Так что пироги непременно с телячьей требушинкой. Кто-кто, а уж ездаковская Галина пироги отменные стряпает. С мыслями о завтрашних пирогах я и полез на полати.

Вроде бы только лёг, на минуту веки смежил, а уже и ночь прошла, и утро за собой увела. Единственное, пожалуй, благо моего нынешнего существования – сон. Будто в яму проваливаюсь, едва голова коснётся подушки. Может чего и снится в это время, да не помню. Вся ночь как единый миг и утром голова ясная и чистая.

***

Ещё глаза не открыл, а запах уже почувствовал – в избе и вправду ядрёно пахло пирогами. Я повернул голову и глянул вниз через щель между занавесками. Вчерашний свёрток лежал на столе. Морозливые узоры на оконных стёклах светились малиновым наливом, и я понял, что солнце всходит. То есть время едва-едва перевалило за девять.

Хозяин дома, несмотря на ночные выкрутасы, уже поднялся и сидел на табуретке посреди избы боком ко мне и смотрел в стенку. Медитировал.

Обычно я вставал гораздо раньше, ещё потемну: топил печь, тащил воду с ключа, и к тому времени, когда приходил срок хозяйским медитациям, воздух в доме несколько нагревался. Сегодня же было довольно-таки ощутимо прохладно даже у меня, в тёплом закутке полатей.

Но этот чёртов чародеец, в одних линялых сатиновых трусах до колен, сидел в позе турка на голой деревянной табуретке и давил взглядом стену. Там, куда он смотрел, ровным счётом ничего не было. Я для верности тот участок раз пять, а то все шесть осматривал. Брёвна да мох между ними. Ни сучка, ни задоринки.

Со стороны казалось, что колдун пытается прожечь взглядом в бревне дыру, да что-то плохо у него получалось. Я, лично, месяца три уже наблюдаю это дело, но на бревне не то что щепки не убыло, даже и тёмного пятнышка не появилось.

Вообще, конечно, интересный мужик этот самый Юрка-колдун, мой хозяин. Правильно про него говорят – двоедушец. Ну да про то как-нибудь в другой раз, при случае и под настроение. Пускай себе медитирует, – занят и ладно, всё, глядишь, лишней работой не гнобит. Самое время мне разобраться в себе самом, в своей памяти или вернее жизни. Что, пожалуй, одно и то же.

Я плотнее завернулся в одеяло и уставился в дощатый потолок.

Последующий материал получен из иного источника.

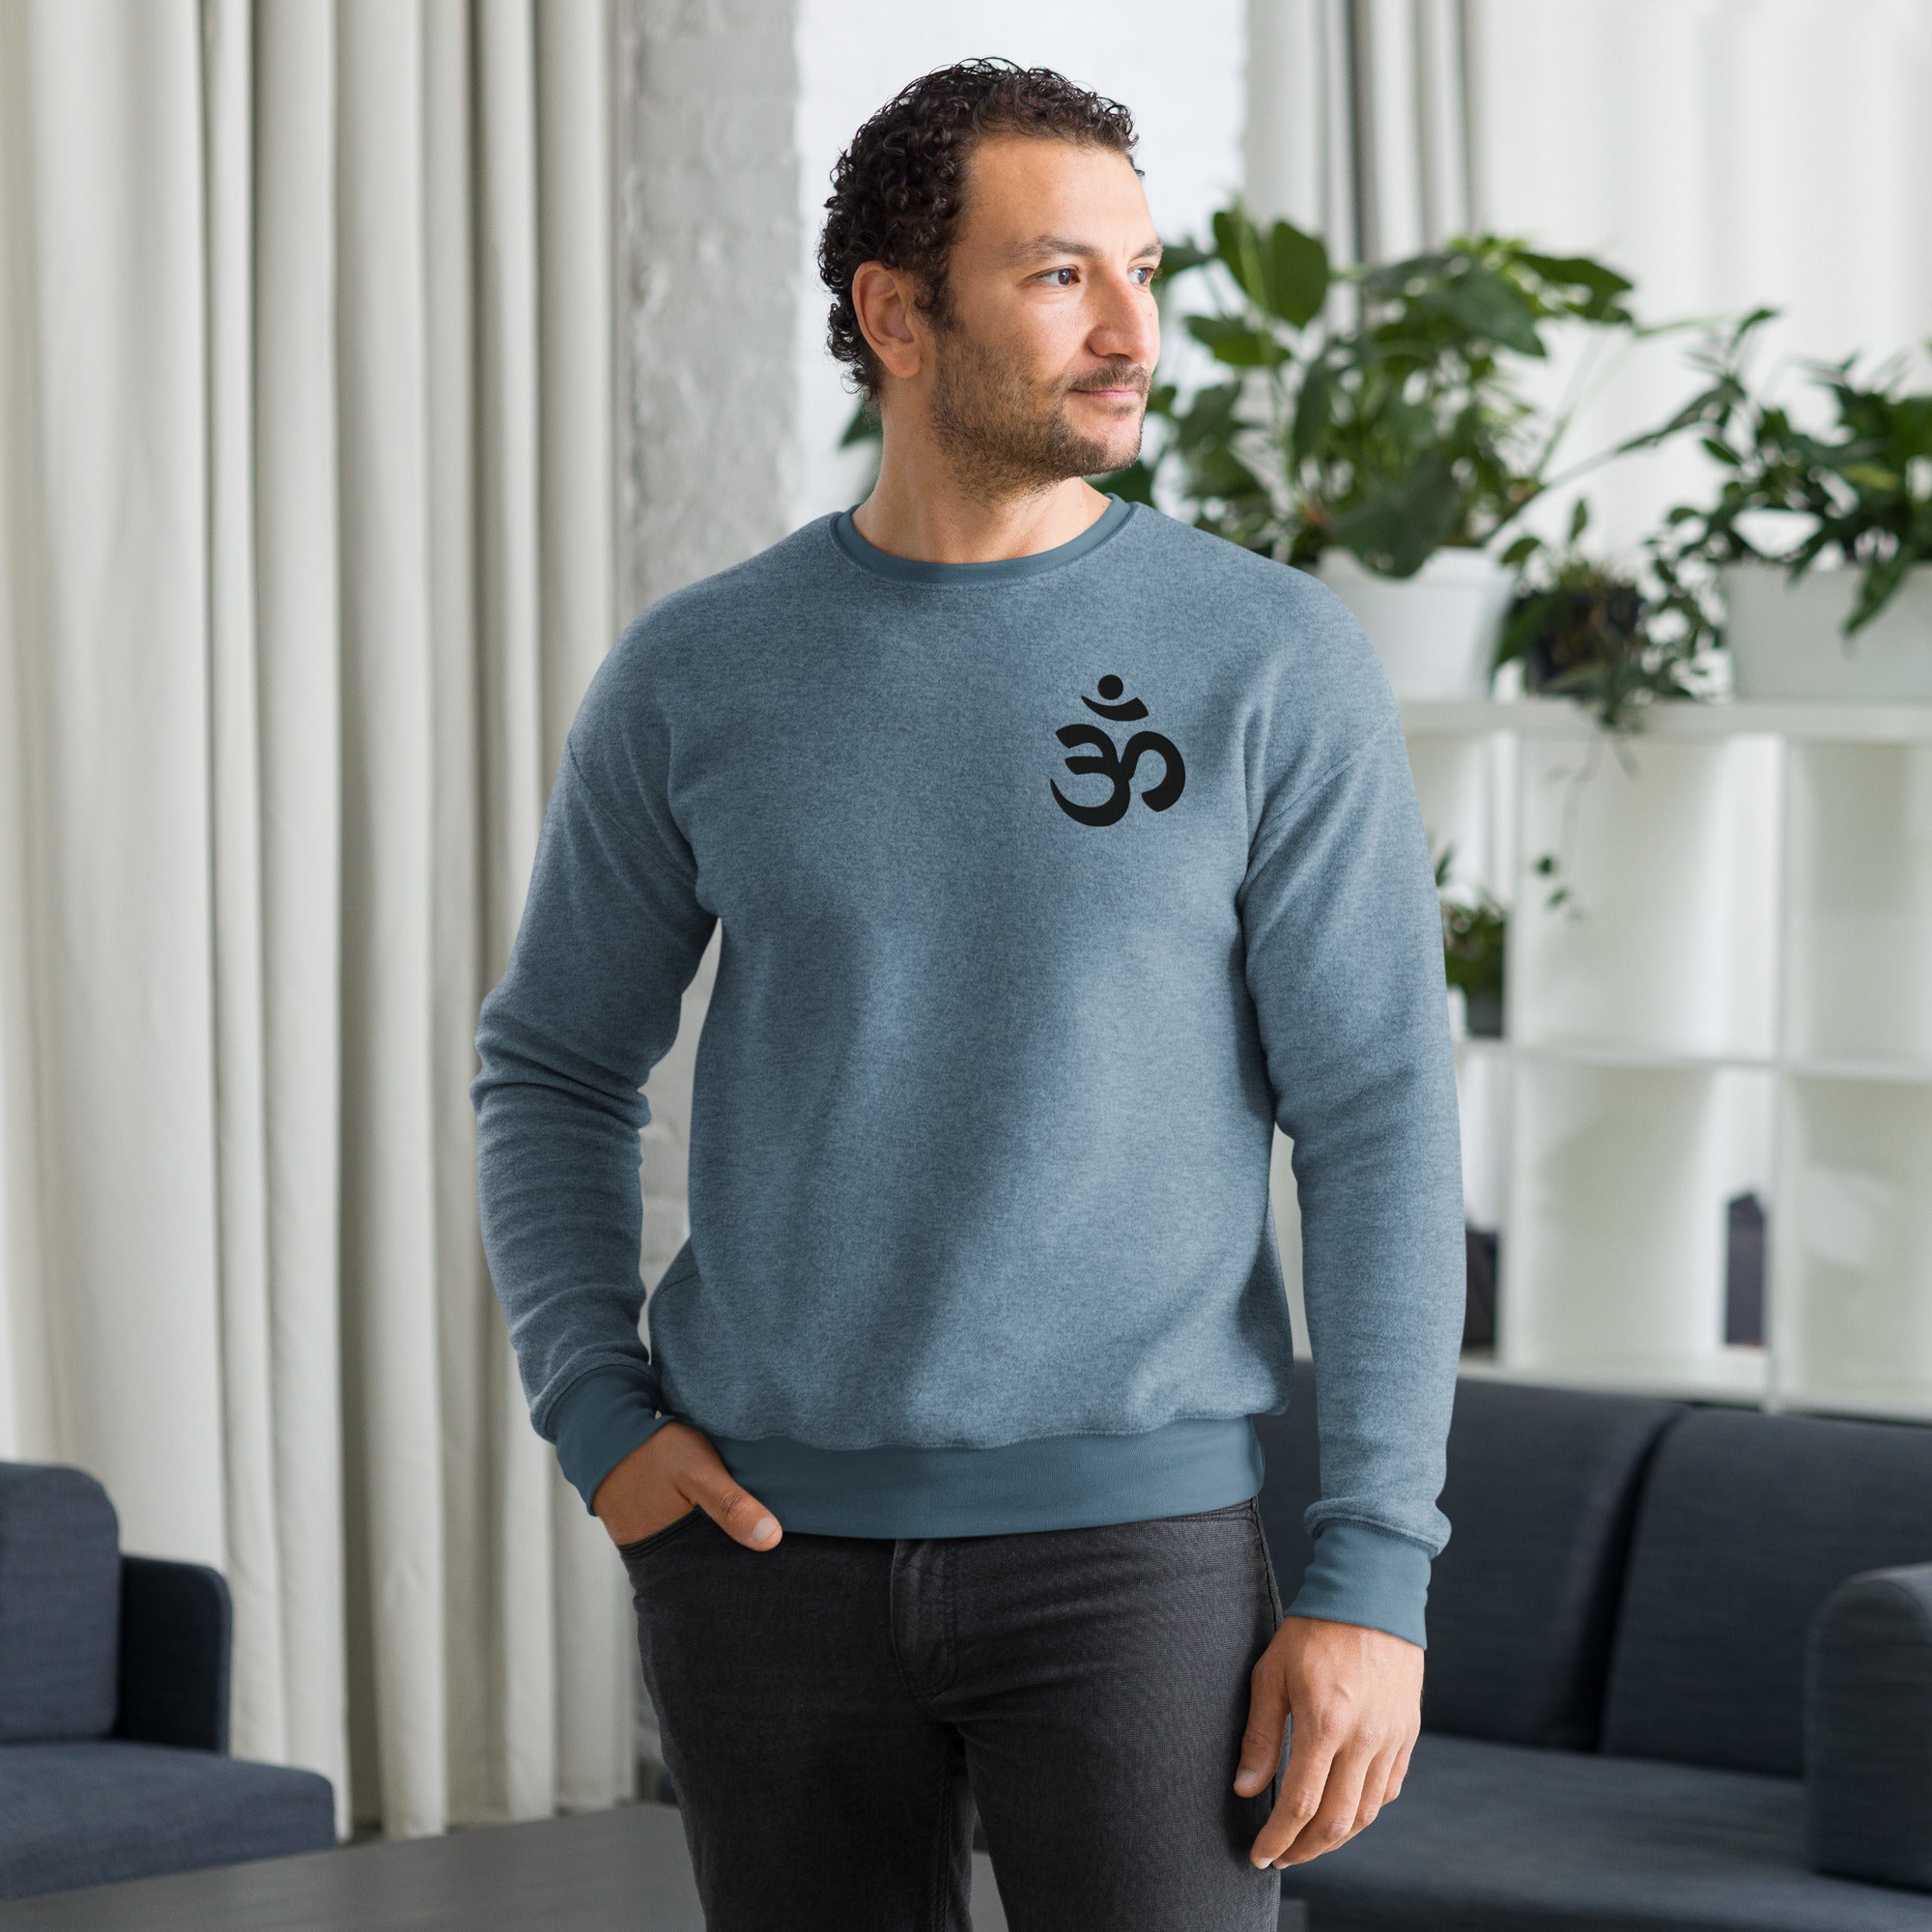 Couple Matching - Unisex sueded fleece yoga sweatshirt
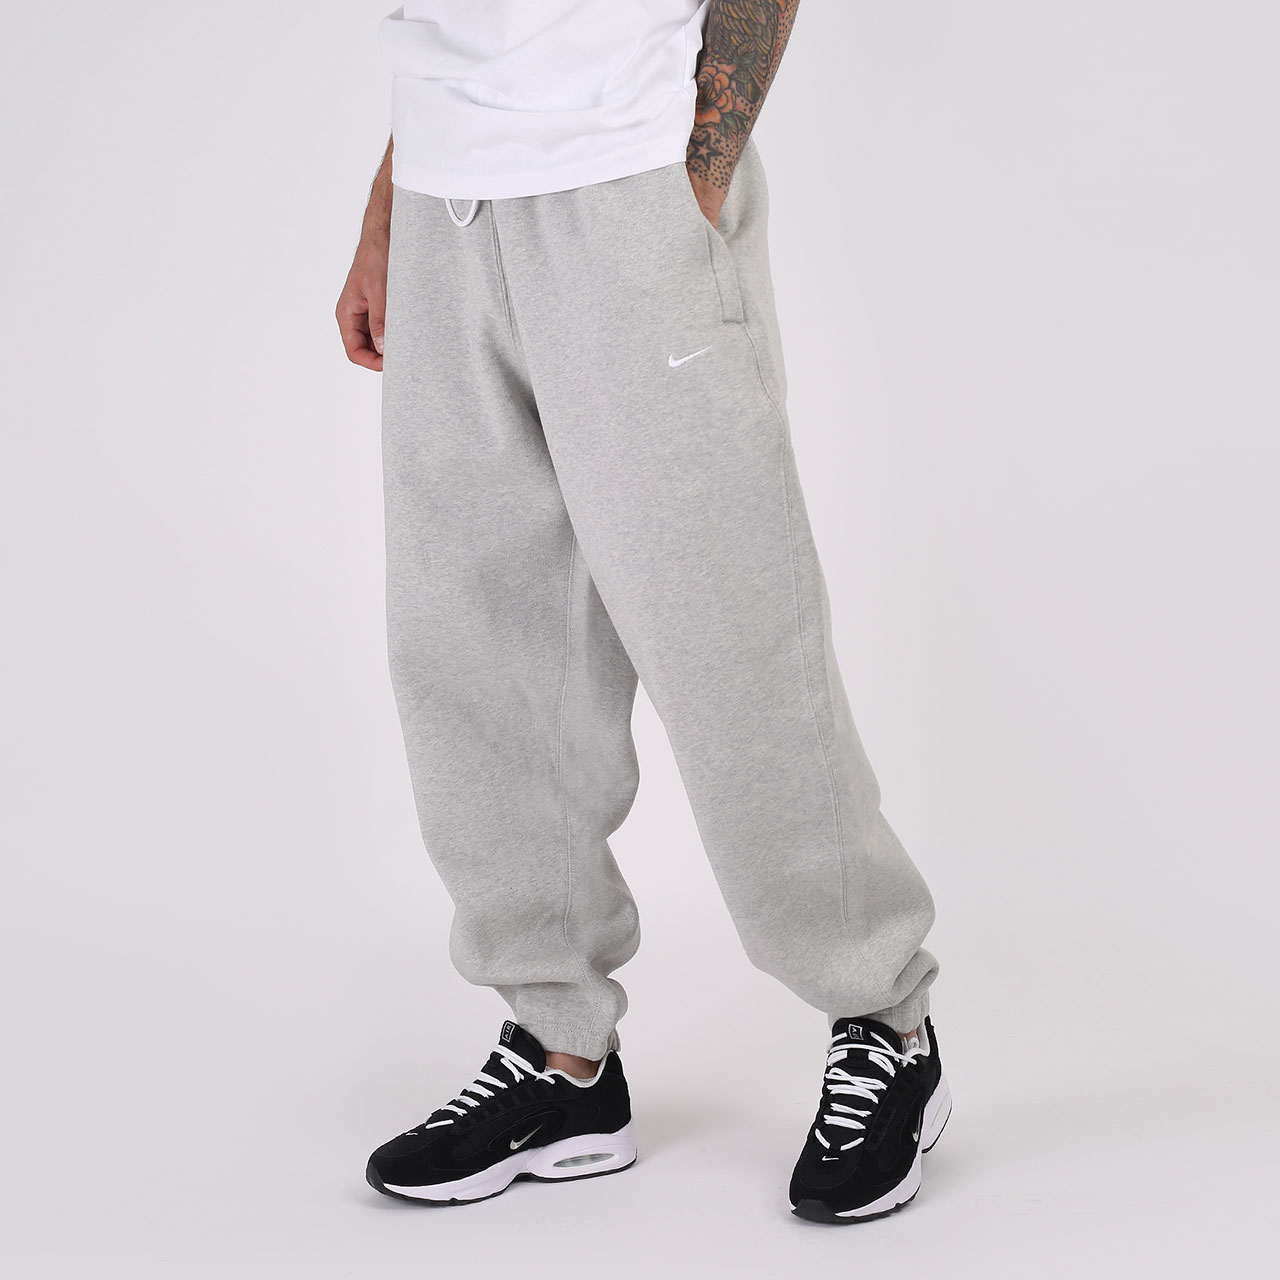 мужские серые брюки Nike NikeLab Fleece Pants CW5460-050 - цена, описание, фото 1

Прямо перед глазами на доске темнели два коричневых смоляных сучка. Видимо распил прошёлся как раз близко к сердцевине дерева, и потому сучки лежали на одном уровне симметричными косыми овалами. Вокруг них, как это обычно всегда бывает на досках, паутинистой сетью змеились следы годовых колец, мелкие трещины, какие-то невнятные царапины, топорщились задиры.

А я эти сучки будто впервые увидал. А может и на самом деле впервые, потому как и ложился, и вставал – всё потемну. Хотя, скорее всего дело не в темноте, скорее просто время пришло углядеть и вспомнить ещё одну частицу своей жизни, добавив и крупицу памяти. Так что скорее просто созрел, чтоб увидеть.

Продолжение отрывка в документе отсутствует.